* [Work instruction]
The output should be the listing below, limited to the lines from the one with "Sedal shampoo 650 ml - Ácido hialurónico" through the one with "Chanel Beach Bag", exact and without pictures.
** Records supplied follows **
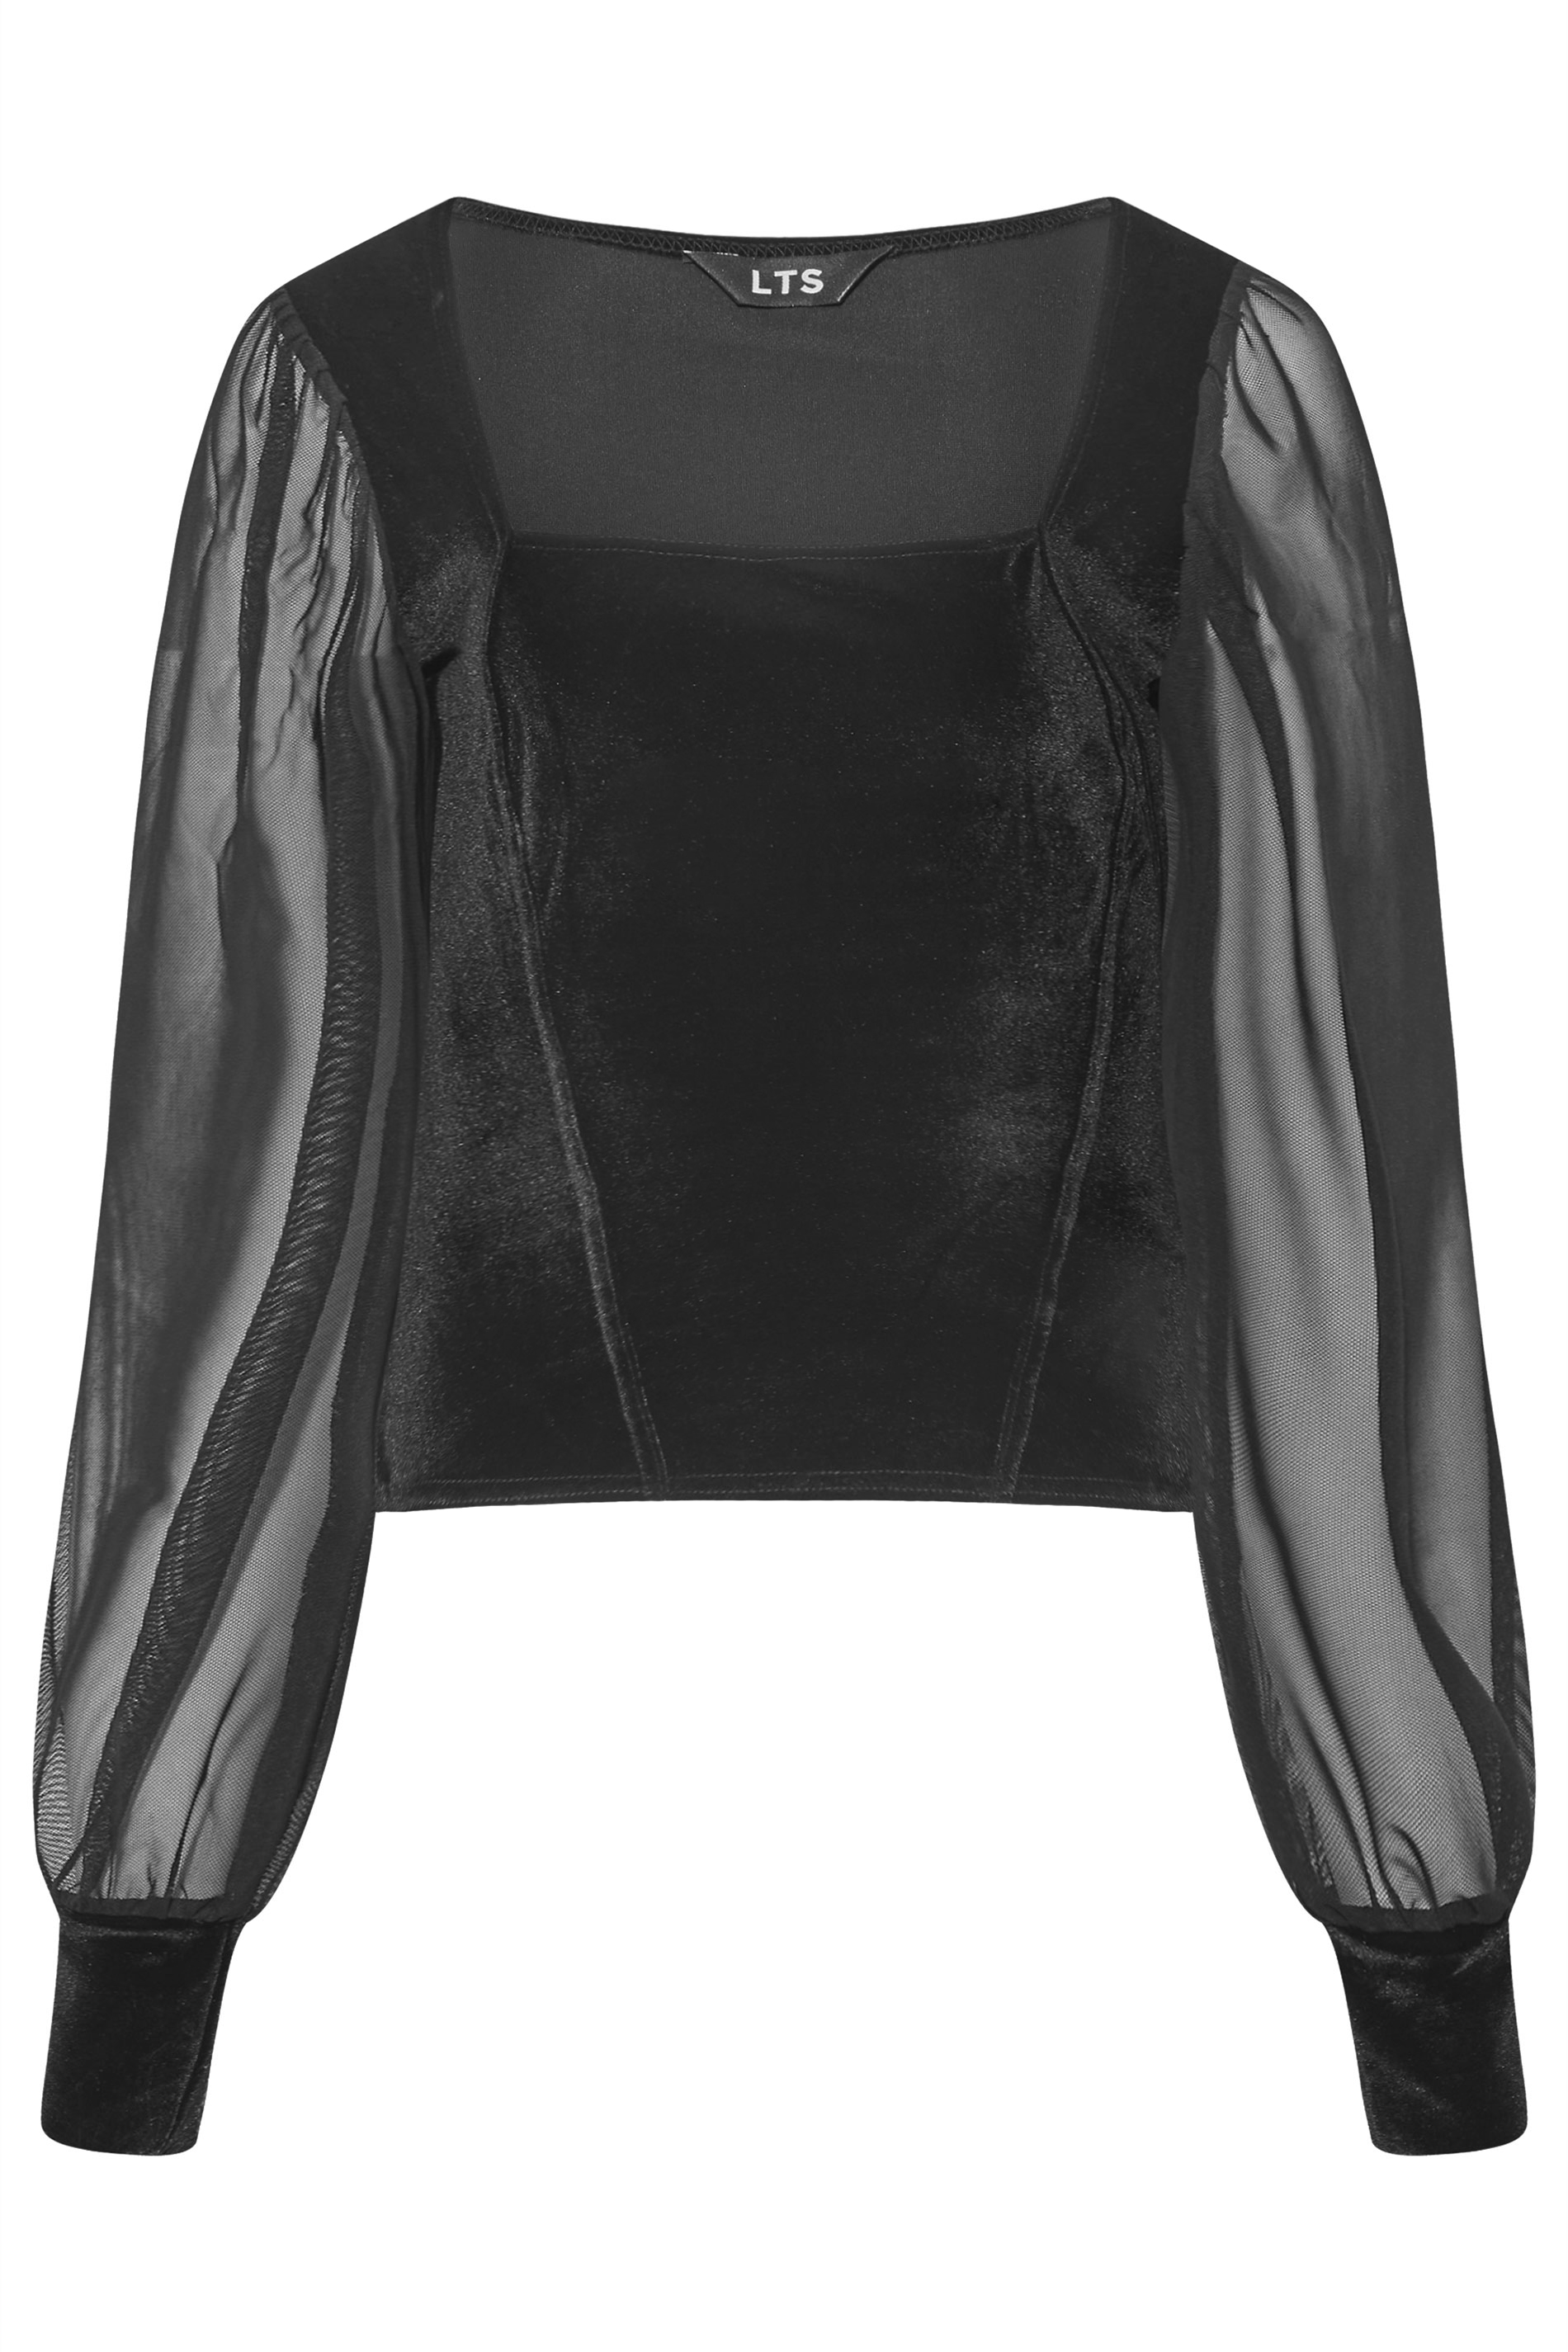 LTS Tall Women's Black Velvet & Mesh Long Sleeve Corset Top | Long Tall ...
** End of Records supplied **
** Records supplied follows **
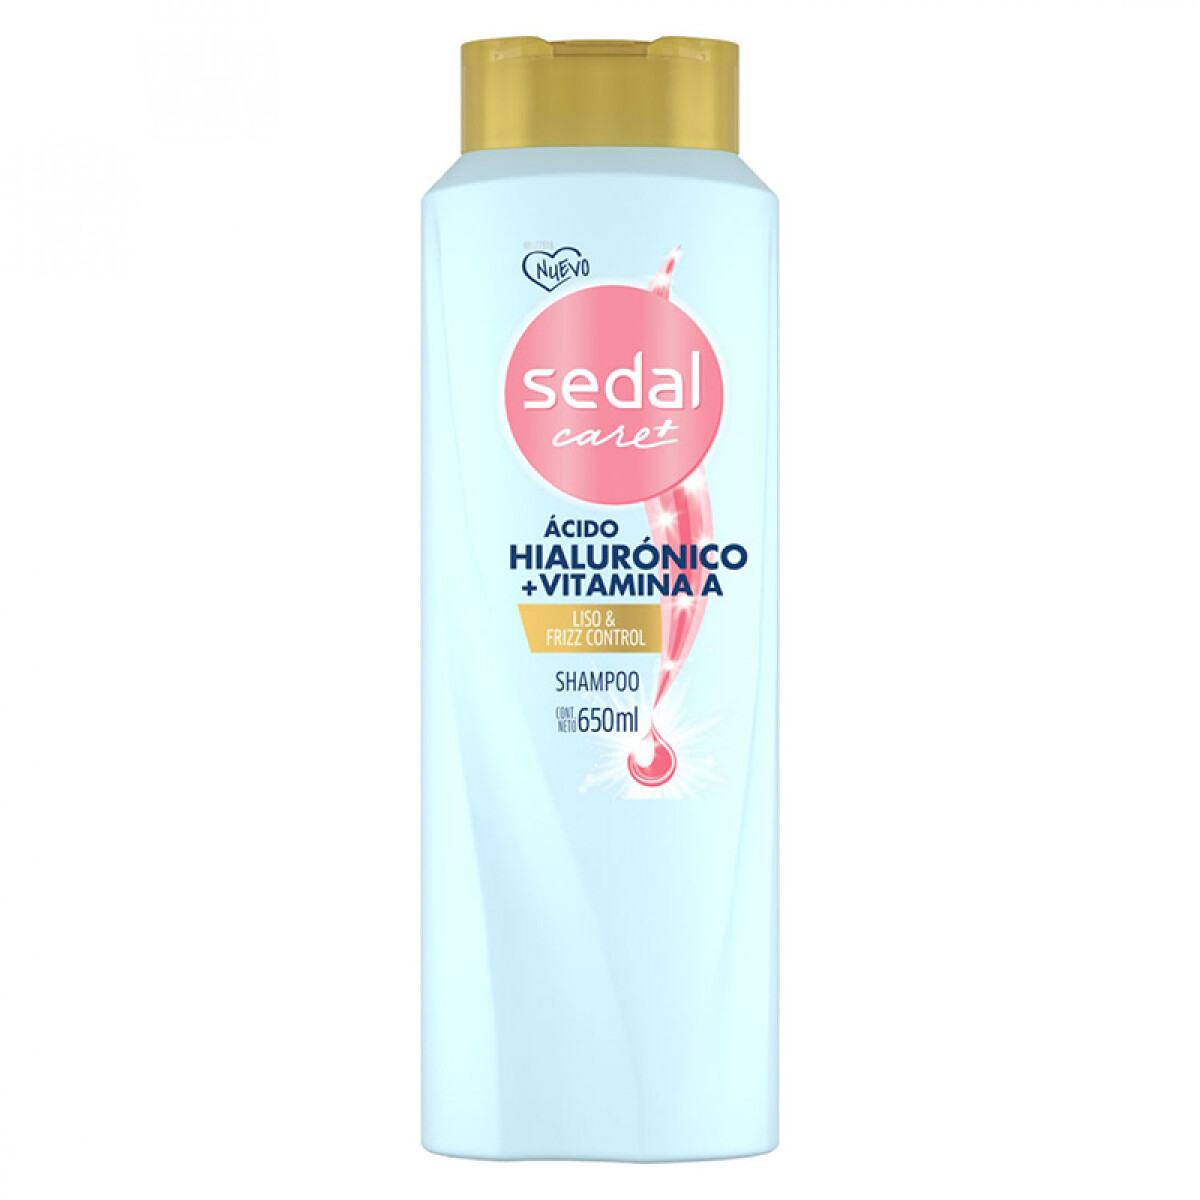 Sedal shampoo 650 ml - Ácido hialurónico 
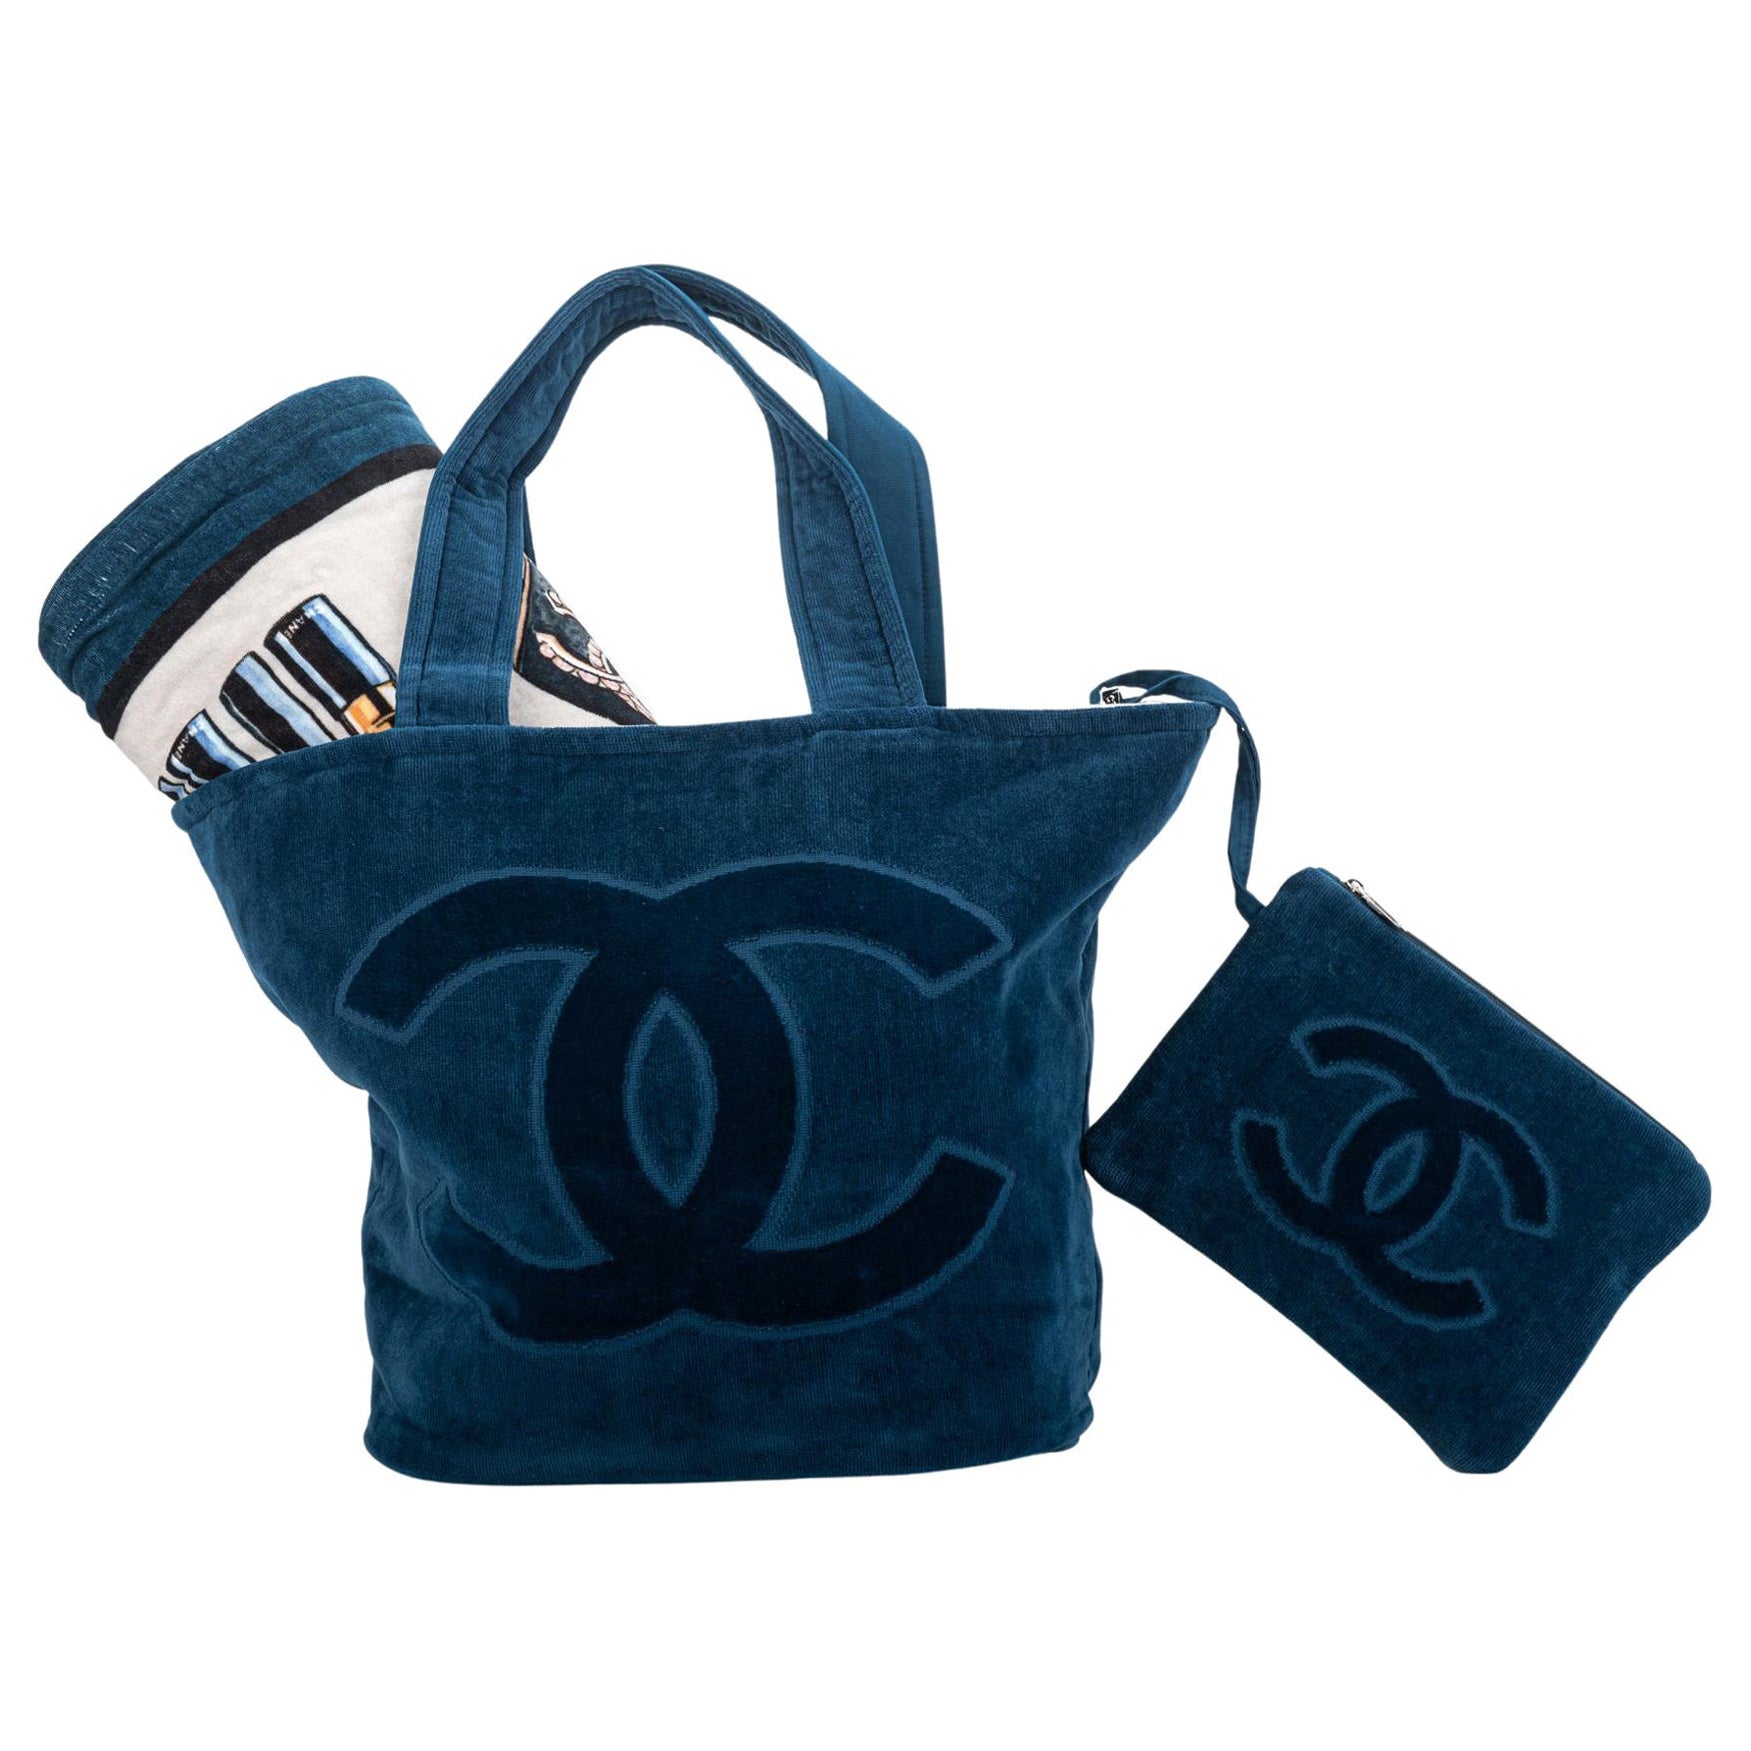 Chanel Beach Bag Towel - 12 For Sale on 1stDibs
** End of Records supplied **
* [Result for this task]
 Sedal shampoo 650 ml - Ácido hialurónico 
 Chanel Beach Bag Towel - 12 For Sale on 1stDibs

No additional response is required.